# Rigging a Helicopter



## gafftaper (Mar 6, 2022)

On the way home from USITT, @dvsDave and I spent a couple of hours at the Udvar-Hazy Air Museum near Dulles.

Umm I wasn't so sure about walking under this.


Yep it's a single hanging point. Zooming in...


Zooming in further from a side catwalk location. Is it just me, or is the mouse missing?


Nearby they had one of the original Flying Tigers hung and you could see the mouse. 



@egilson1 @What Rigger?


----------



## jtweigandt (Mar 6, 2022)

If it goes it will autorotate to a soft landing no?


----------



## gafftaper (Mar 6, 2022)

jtweigandt said:


> If it goes it will autorotate to a soft landing no?

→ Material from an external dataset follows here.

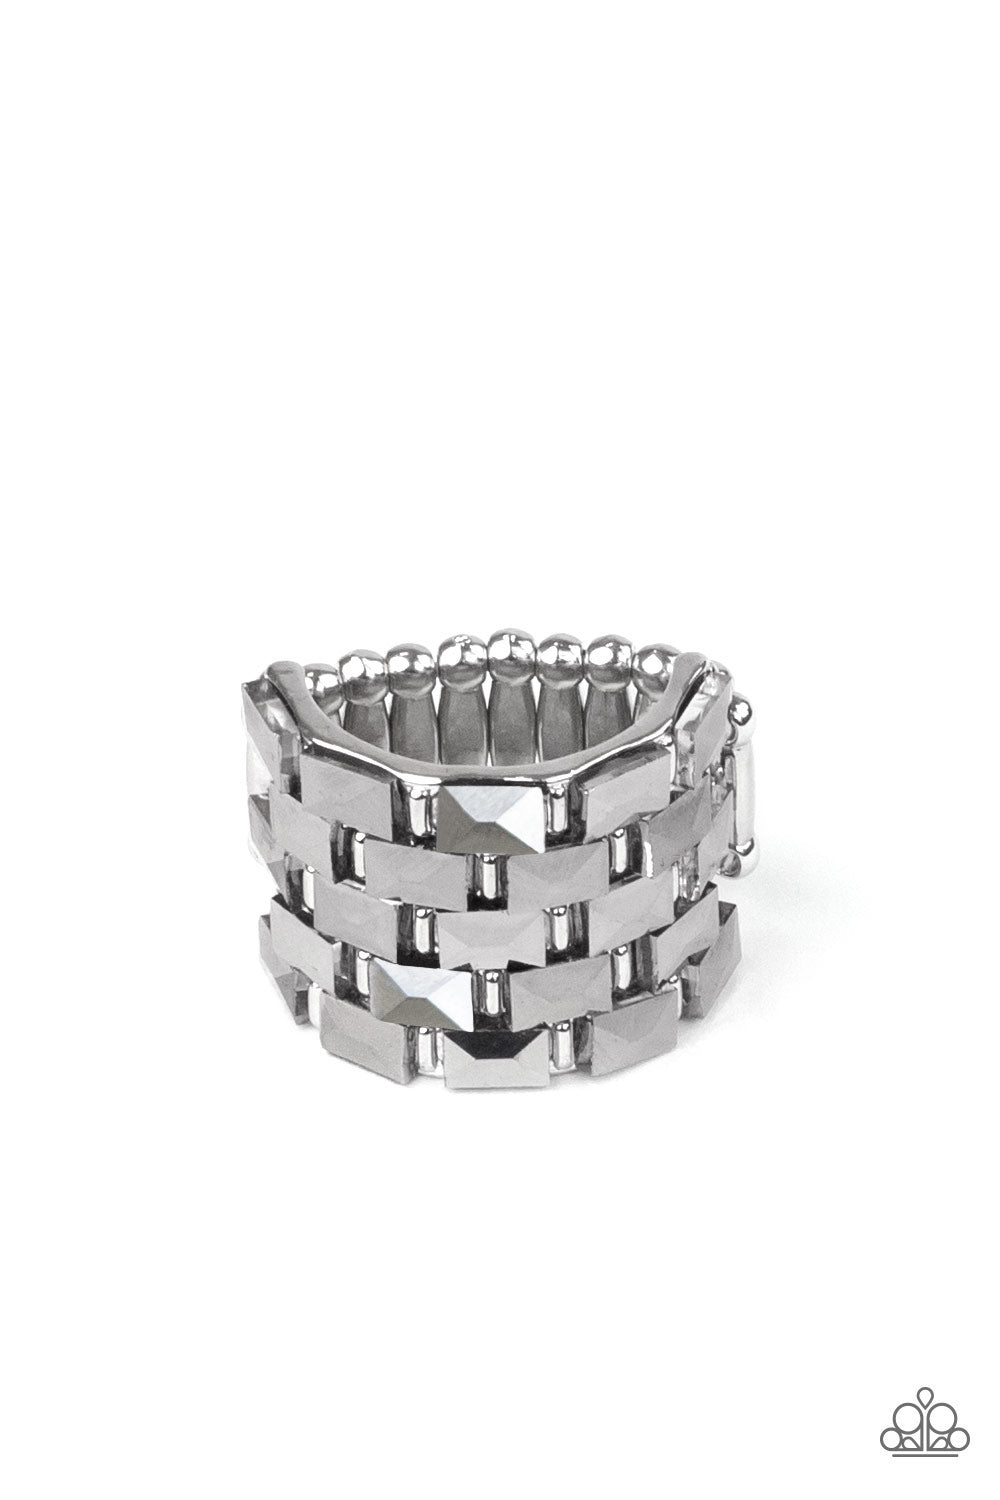 checkered-couture-silver-p4st-svxx-006xx

A serious answer to an excellent quip... They did have a very small line on the tail to prevent rotation couldn't have been more than 1/4"


----------



## What Rigger? (Mar 6, 2022)

Just riffing: we know it's dry- no fuel or fluids. The engine itself may not even be in it. So there's some possible weight savings. My curiosity is the design factor. Did they use one, or go with the MBS? Let's say that's 1/2" 6x19. MBS is 13+ tons or so, and WLL is about 2.5 tons approximately. So, yeah, definitely curious about the most important thing: how much does it weigh sitting on the ground?

Also I freaking LOVE that museum.


----------



## MNicolai (Mar 7, 2022)

What Rigger? said:


> Just riffing: we know it's dry- no fuel or fluids. The engine itself may not even be in it. So there's some possible weight savings. My curiosity is the design factor. Did they use one, or go with the MBS? Let's say that's 1/2" 6x19. MBS is 13+ tons or so, and WLL is about 2.5 tons approximately. So, yeah, definitely curious about the most important thing: how much does it weigh sitting on the ground?
> 
> Also I freaking LOVE that museum.



Empty weight is 5,083 lbs, 2.54 tons, assuming they didn't strip any of the interior or engine.


----------



## gafftaper (Mar 7, 2022)

Also, it was a long way up there and looked pretty heft from a distance. It could easily be 3/4" or larger cable.


----------



## What Rigger? (Mar 7, 2022)

gafftaper said:


> Also, it was a long way up there and looked pretty heft from a distance. It could easily be 3/4" or larger cable.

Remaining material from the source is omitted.